Great! So, this is now exactly the same function as above, but all the types are known and the compiler is happy.

Let's run the benchmarks for both numbers and typednumbers:

@benchmark use_double(numbers, :one)
BenchmarkTools.Trial: 10000 samples with 580 evaluations.
 Range (min … max):  134.931 ns … 48.045 μs  ┊ GC (min … max): 0.00% … 0.00%
 Time  (median):     264.742 ns              ┊ GC (median):    0.00%
 Time  (mean ± σ):   373.725 ns ±  1.463 μs  ┊ GC (mean ± σ):  3.53% ± 4.26%

                                  ▄█▁                           
  ▃▂▂▂▂▂▁▁▂▂▂▂▂▂▂▂▁▂▂▂▂▂▂▂▂▂▃▃▃▃▄▆████▇▅▅▄▃▃▃▃▃▂▂▂▂▂▂▂▂▂▂▂▂▂▂▂ ▃
  135 ns          Histogram: frequency by time          365 ns <

 Memory estimate: 168 bytes, allocs estimate: 4.
@benchmark use_double(typednumbers, :one)
BenchmarkTools.Trial: 10000 samples with 918 evaluations.
 Range (min … max):   81.983 ns …  12.172 μs  ┊ GC (min … max): 0.00% … 0.00%
 Time  (median):     156.797 ns               ┊ GC (median):    0.00%
 Time  (mean ± σ):   187.358 ns ± 495.181 ns  ┊ GC (mean ± σ):  5.03% ± 7.88%

  ▄▁▄▅█▆▂                                                       ▁
  ███████▆▅▄▄▁▃▆▇█▇▄▁▁▁▁▃▄▁▁▃▁▁▁▁▁▁▁▁▁▁▁▁▁▁▁▃▁▁▃▁▁▄▃▃▁▁▁▁▁▁▁▃▁▄ █
  82 ns         Histogram: log(frequency) by time        1.1 μs <

 Memory estimate: 432 bytes, allocs estimate: 2.

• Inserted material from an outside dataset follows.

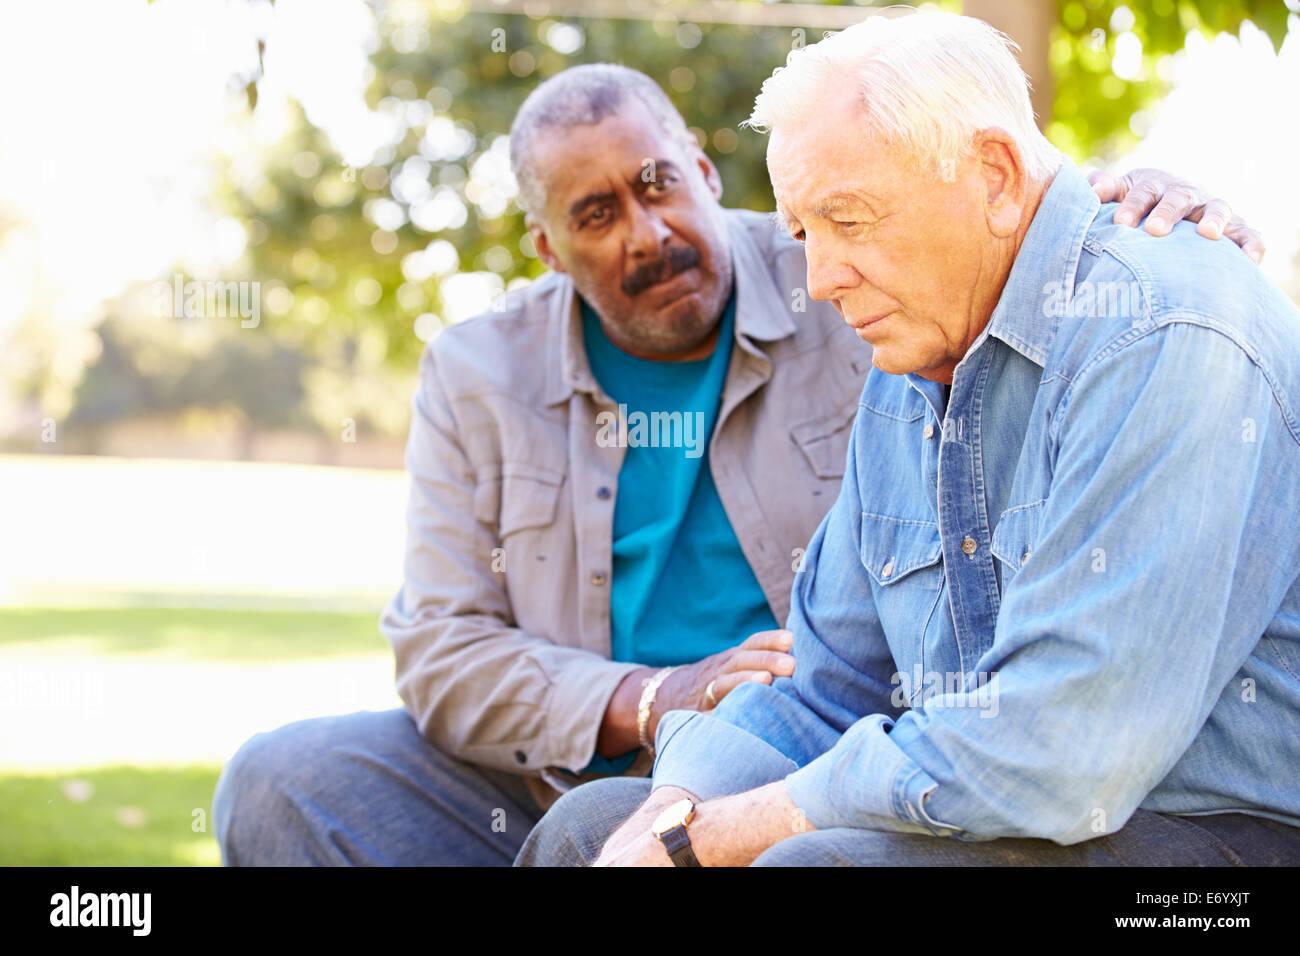 L'homme malheureux ami réconfortant senior à l'extérieur Photo Stock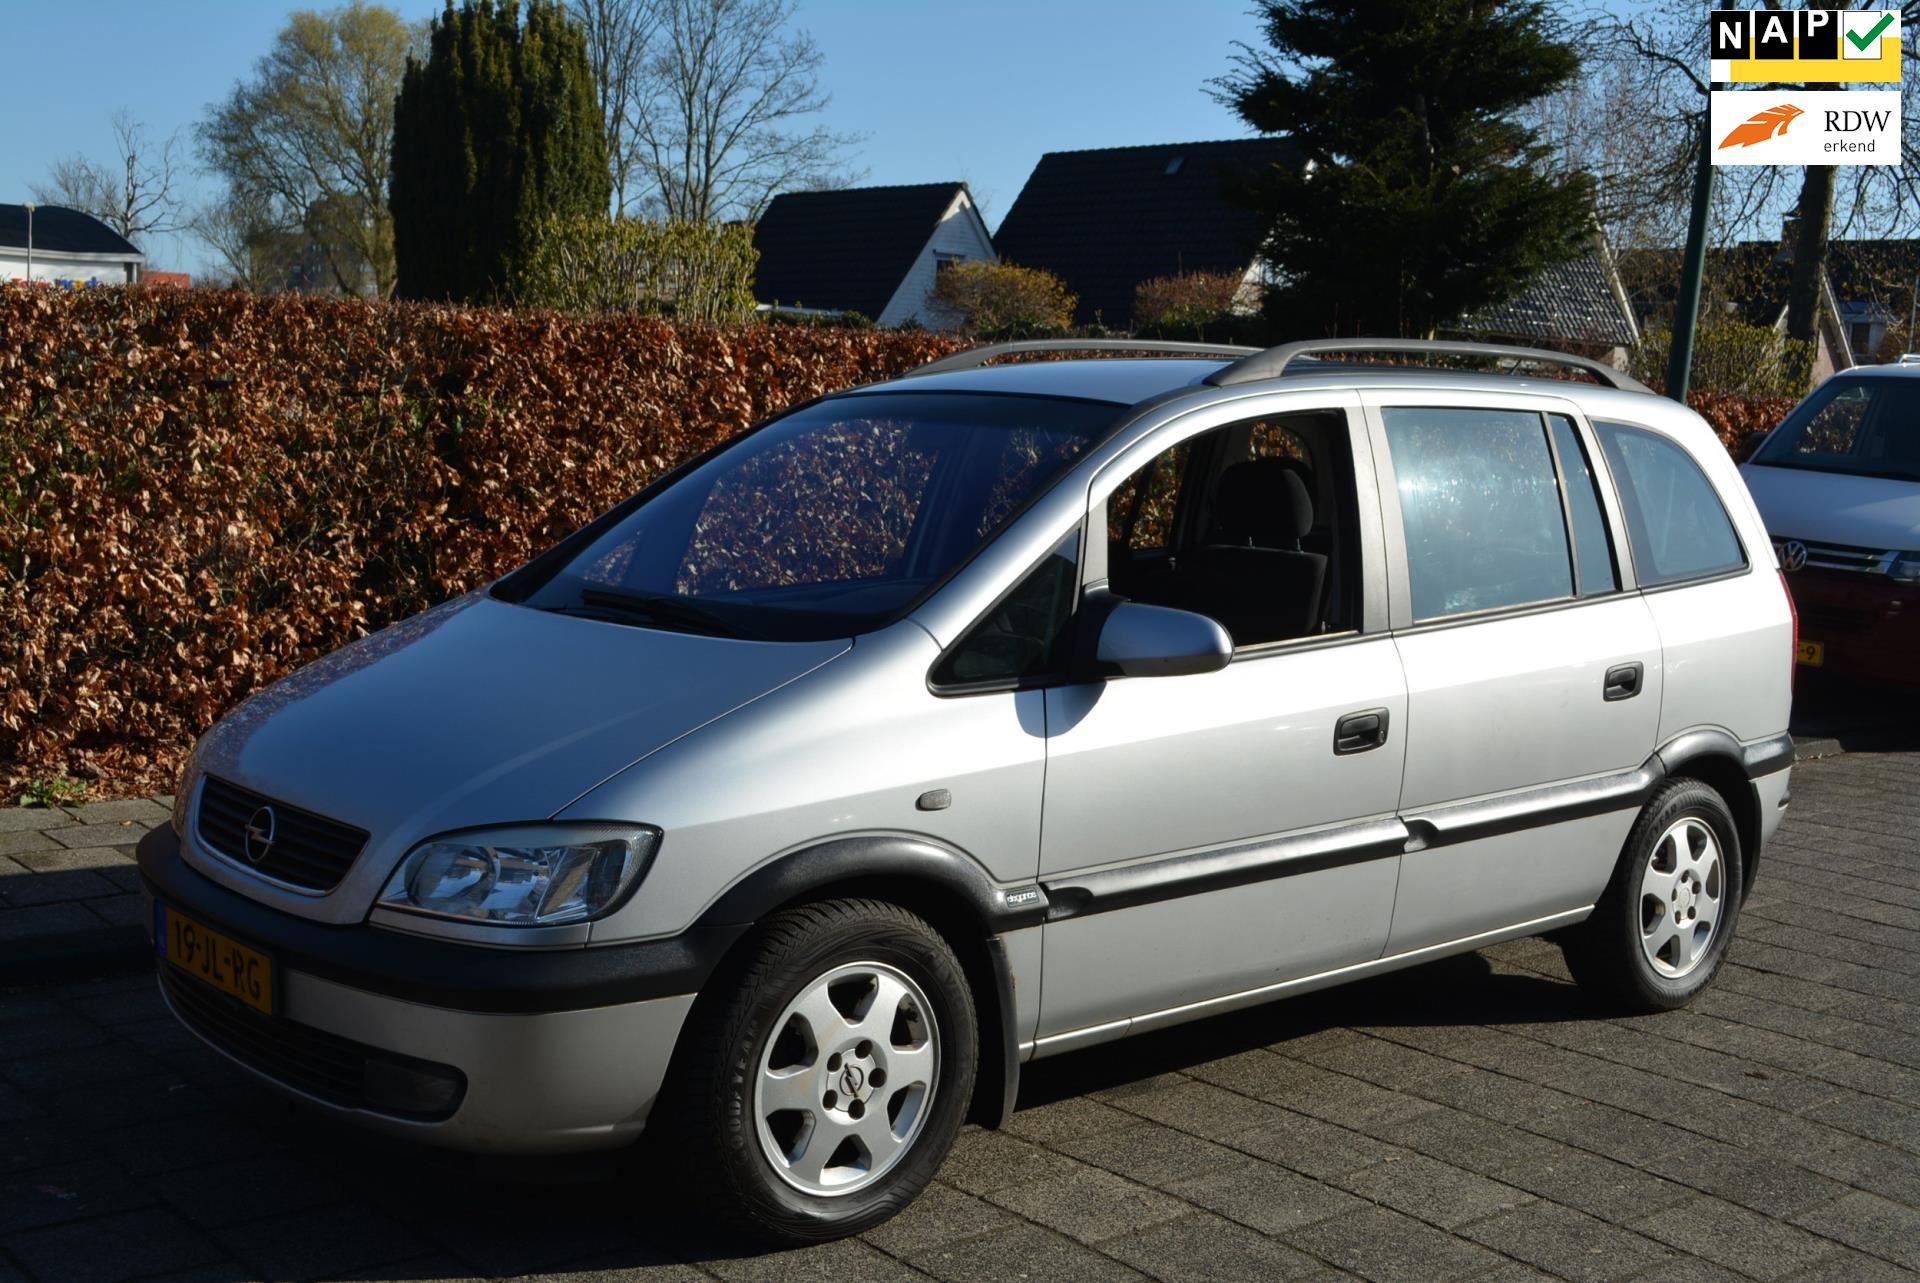 Opel Zafira occasion - Autobedrijf Kiewiet (Auto 25)

So, that's a reduction in running time which we basically got for free. The only thing we needed to do was look through our naive code and help out the compiler a bit by adding more information.

And this is exactly what I find so beautiful about the Julia language. You have this high-level language where you can be very expressive, write in whatever style you want and don't have to bother about putting type annotations on all your functions. Instead, you first focus on your proof of concept and get your code working and only then you start digging into optimizing your code. To do this, you can often get pretty far already by looking at @code_warntype.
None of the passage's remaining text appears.